Sandy Harbutt got the idea in 1970 when he wrote a script for an episode of the TV police series The Long Arm in which he was appearing.

Filmink magazine said "The biker movie was the modern day Western of choice in the 1960s" but argued this was one of the few Australian films to "embrace it as a story option."

The Australian Film Development Corporation invested $154,000 in the film. The remainder of the budget and most of the technical facilities were provided by Ross Wood Productions in Sydney. The movie was shot in late 1973.

The Hells Angels club (Sydney) provided assistance during production.

==Release==
Although Stone was given an "R" rating it grossed $1,572,000 at the box office in Australia, which is equivalent to $10,611,000 in 2009 dollars. It made a profit to its investors within 18 months.

==Charts==
The soundtrack was released by Warner Bros. (600002)
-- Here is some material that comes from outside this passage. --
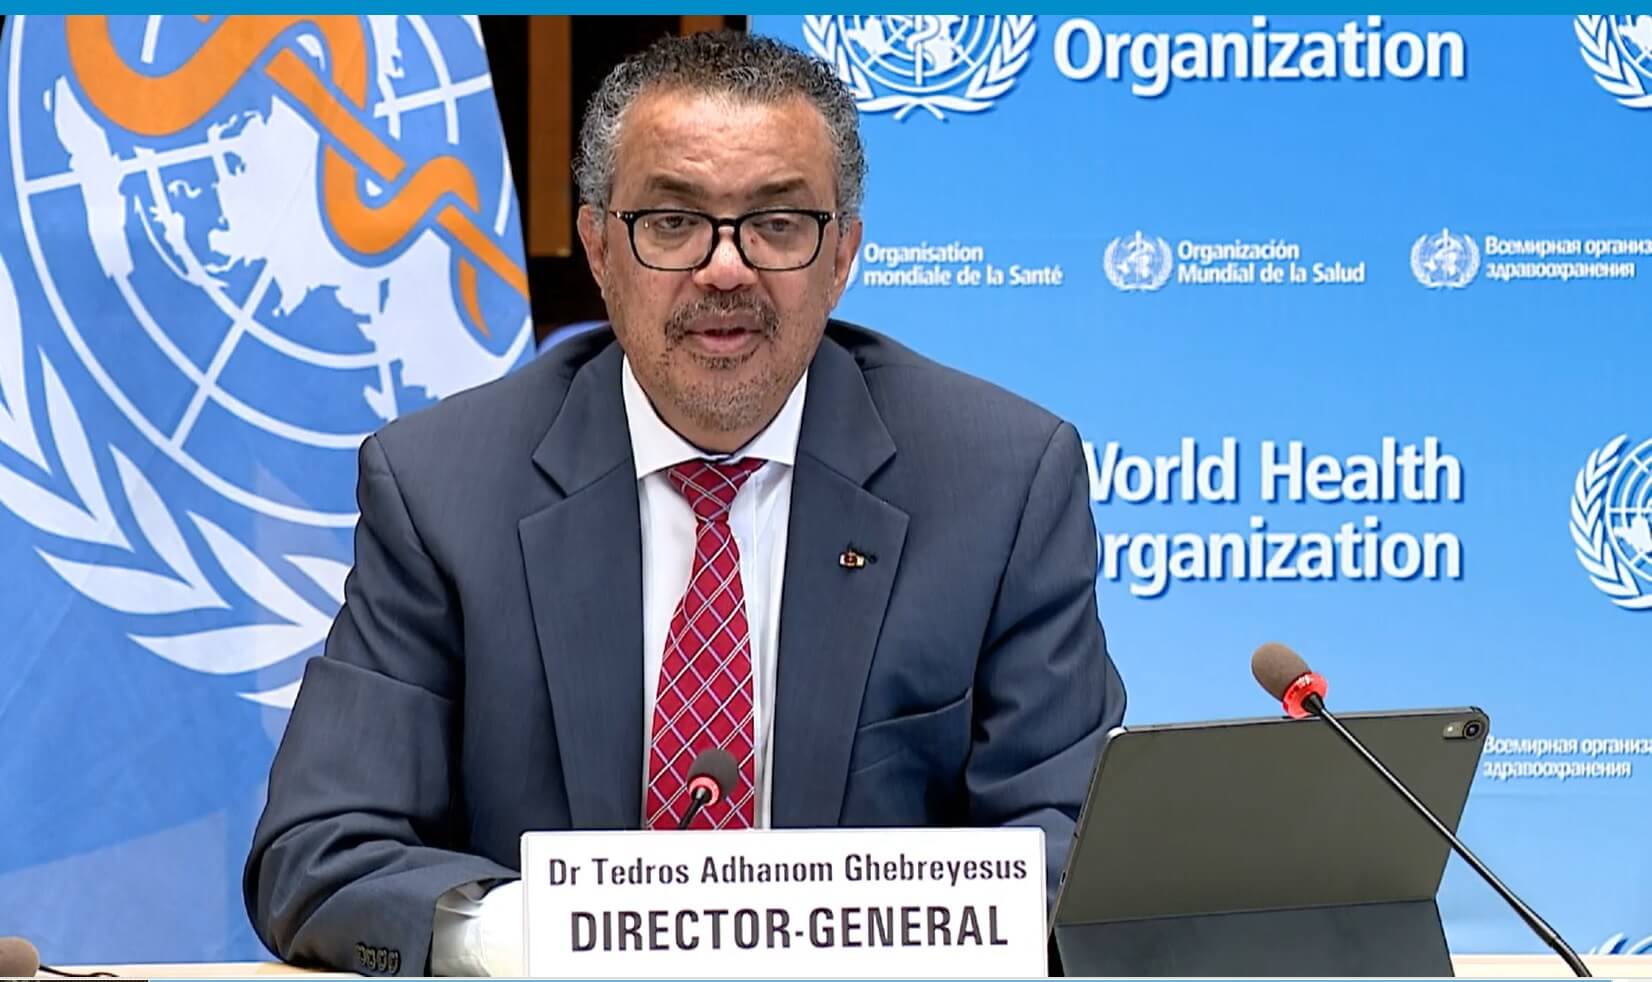 The Director General of the World Health Organization, Dr. Tedros Adhanom Ghebreyesus at a press conference. From the video on the agency's website.

| Chart (1974) | Position |
|---|---|
| Australia (Kent Music Report) | 89 |

===Influence===
Several of the cast went on to appear in Mad Max (1979), including Hugh Keays-Byrne, Roger Ward, Vincent Gil, David Bracks and Reg Evans.

==Stone Forever==

Stone Forever is a 1999 documentary about Stone. Richard Kuipers was contacted by David Hannay and Sandy Harbutt to film a bike ride commemorating the film's 25th anniversary, which led to a full documentary about the impact of the film and the fate of the people who made it.